Dengan dipangkasnya BI rate ke tingkat yang lebih rendah, perbankan memiliki ruang untuk memangkas suku bunga DPK dan mentransmisikannya menjadi kredit murah makin terbuka lebar.
"Memang sudah dipangkas kemarin, tapi behavior perbankan, selalu terjadi lagi. Mereka menahan net interest margin pada level yang tinggi. Apalagi ketika faktor resiko yang makin besar dan mereka enggan menyalurkan kredit dan mereka makin ingin menyedot dana masyarakat," tuturnya.
Faisal tak mempermasalahkan adanya potensi perpindahan dana perbankan ke instrumen investasi lain. Di samping likuiditas bank yang masih cukup tinggi, ia melihat hal tersebut suku bunga rendah juga sejalan dengan kebijakan BI untuk memperdalam pasar keuangan domestik.
"Saya rasa enggak masalah, kalau kita punya financial deepening, punya instrumen keuangan yang bervariasi, kalau enggak ke perbankan bisa ke instrumen keuangan lain, bisa ke bond saham asalkan dia masih berputar di dalam negeri," terangnya.

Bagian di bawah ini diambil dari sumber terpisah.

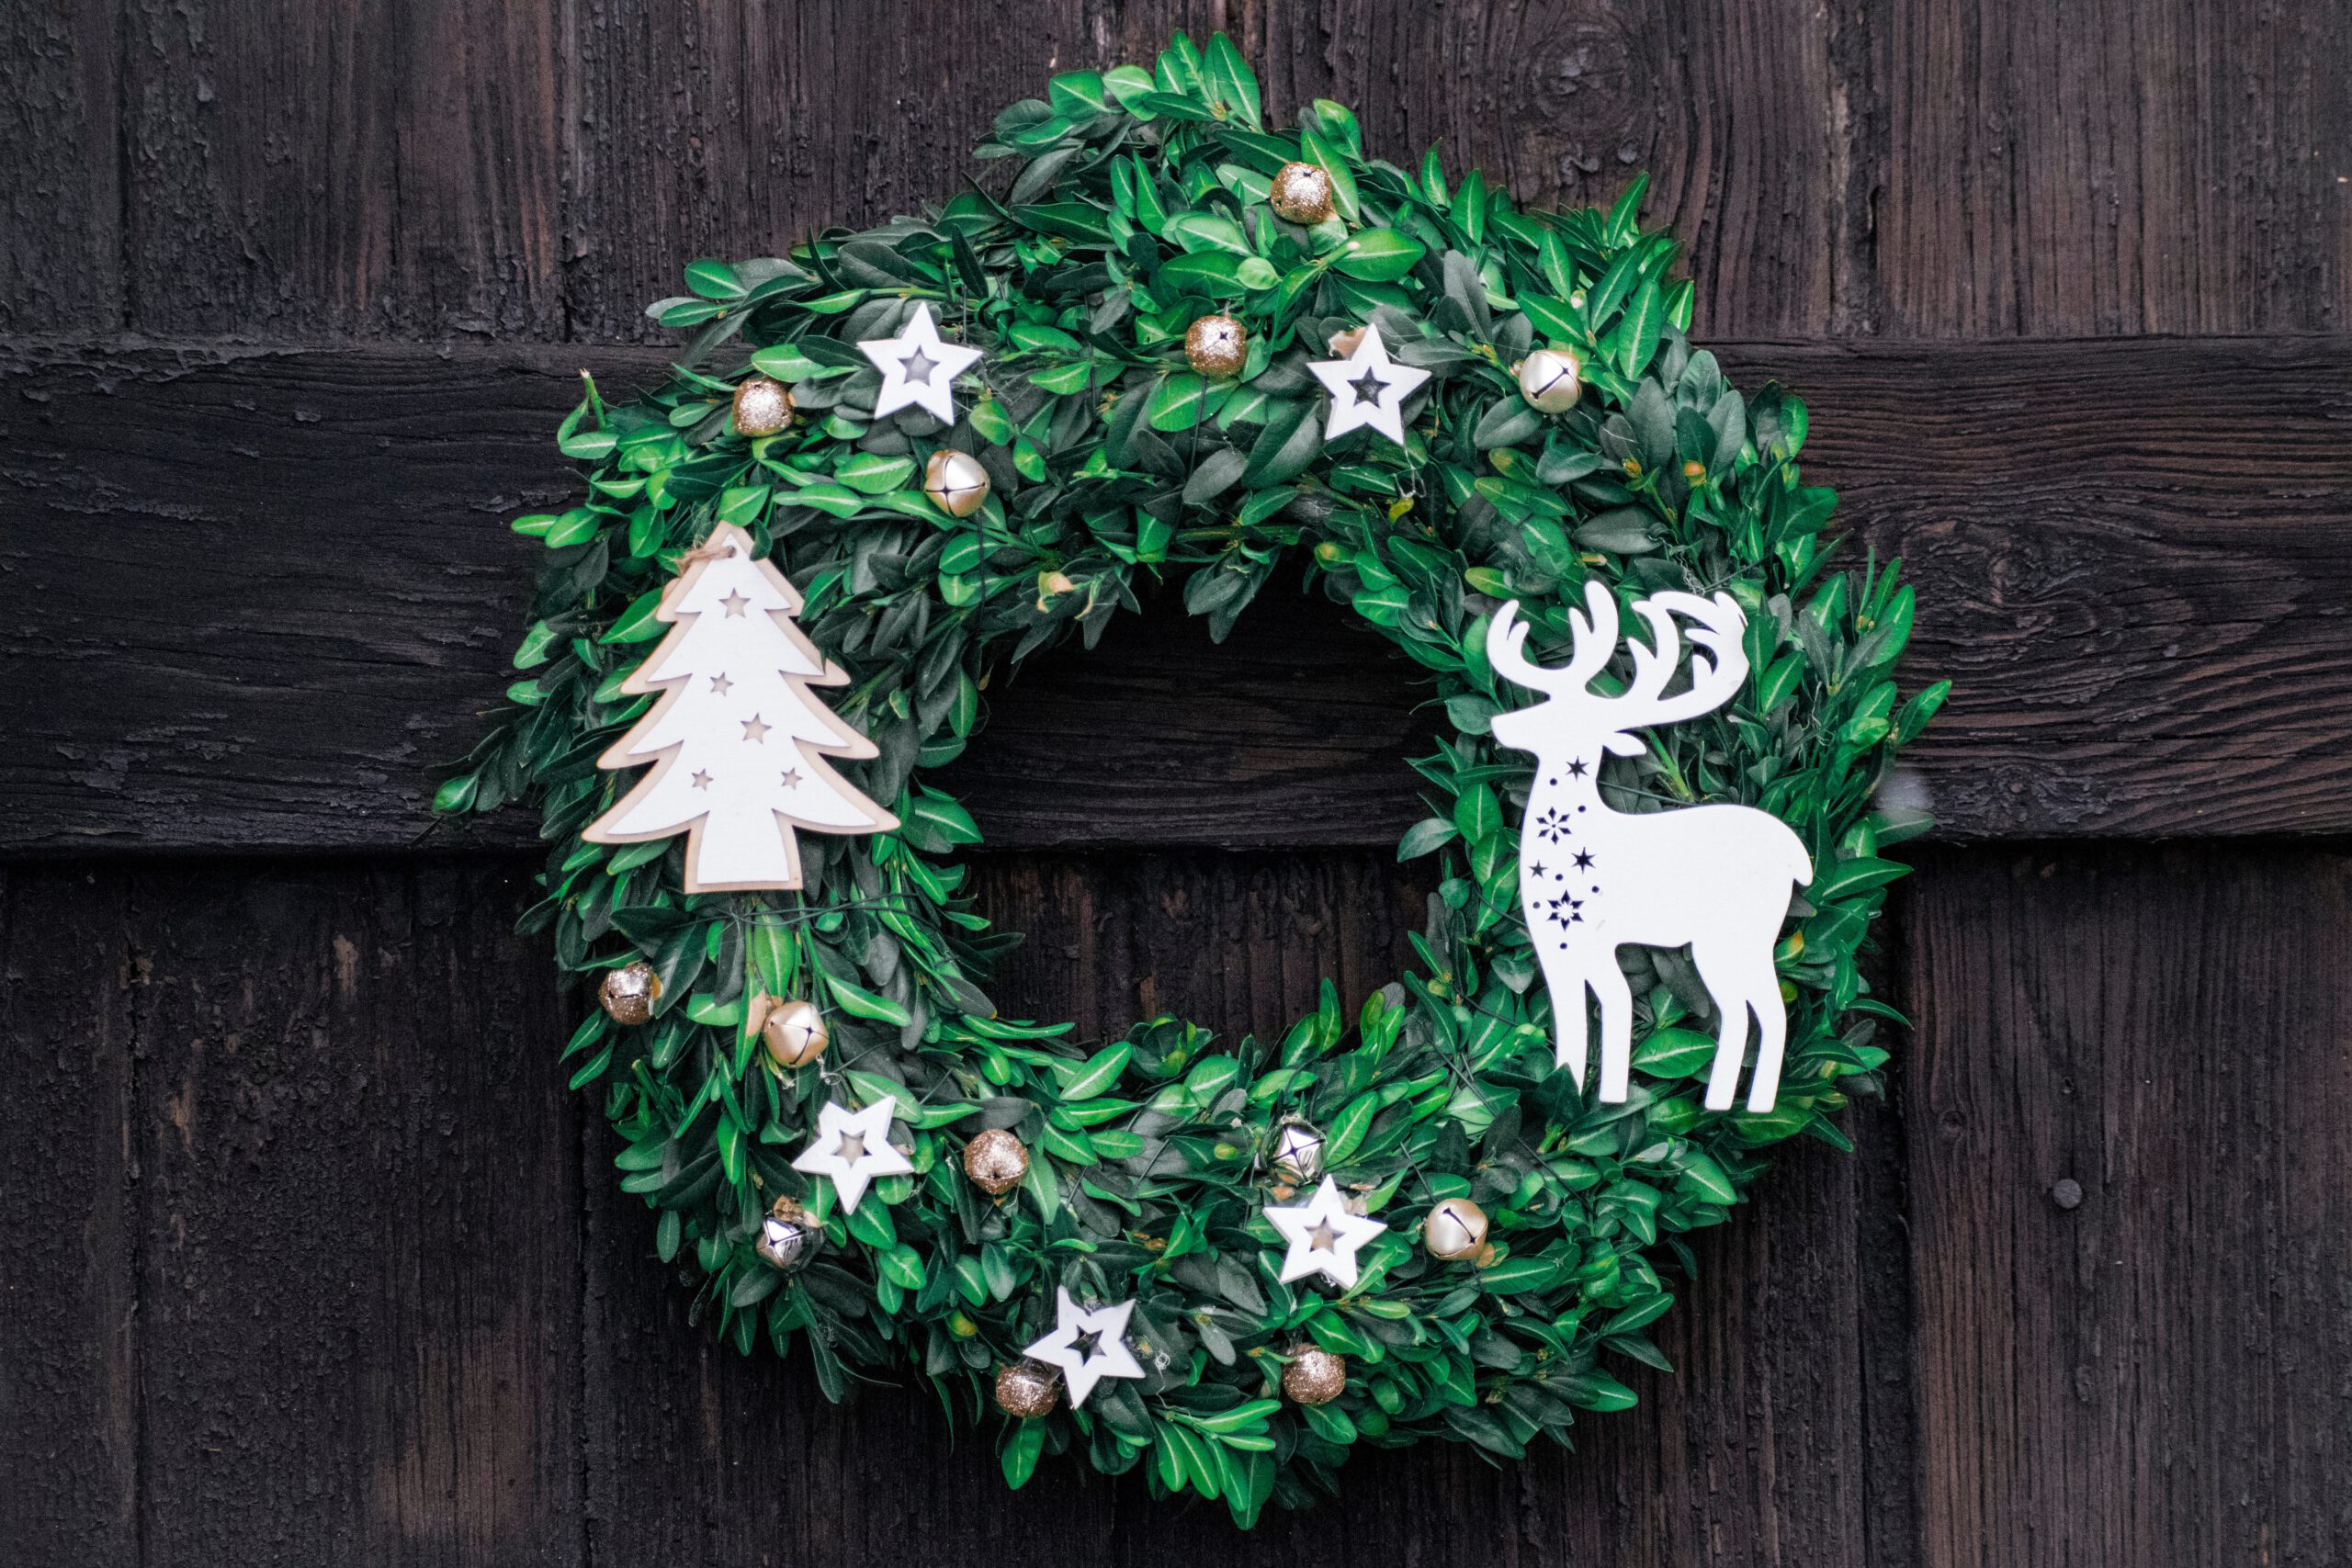 Zielony wieniec świąteczny z bukszpanu z przypiętymi dekoracjami wiszący na drzwiach

Ia justru mengkhawatirkan masih terbatasnya instrumen di pasar keuangan membuat aliran modal asing kabur dari dalam negeri dan menggerus nilai tukar rupiah. "Kalau mereka enggak ke perbankan tapi instrumen keuangan kita masih terbatas, bisa jadi ada capital outflow," tandasnya.
Terkait hal tersebut Gubernur BI Perry Warjiyo memastikan bahwa keputusan menurunkan suku bunga acuan tak akan berdampak signifikan pada pergerakan nilai tukar rupiah.
Ia justru optimistis rupiah masih berpotensi menguat seiring dengan fundamentalnya masih undervalued. Penguatan rupiah juga akan terdorong oleh inflasi yang terkendali, defisit transaksi berjalan yang rendah, imbal hasil aset keuangan domestik yang kompetitif, dan menurunnya premi risiko.
"Untuk mendukung efektivitas kebijakan nilai tukar, BI terus menjaga ketersediaan likuiditas baik di pasar uang maupun pasar valas dan memastikan bekerjanya mekanisme pasar," jelas Perry.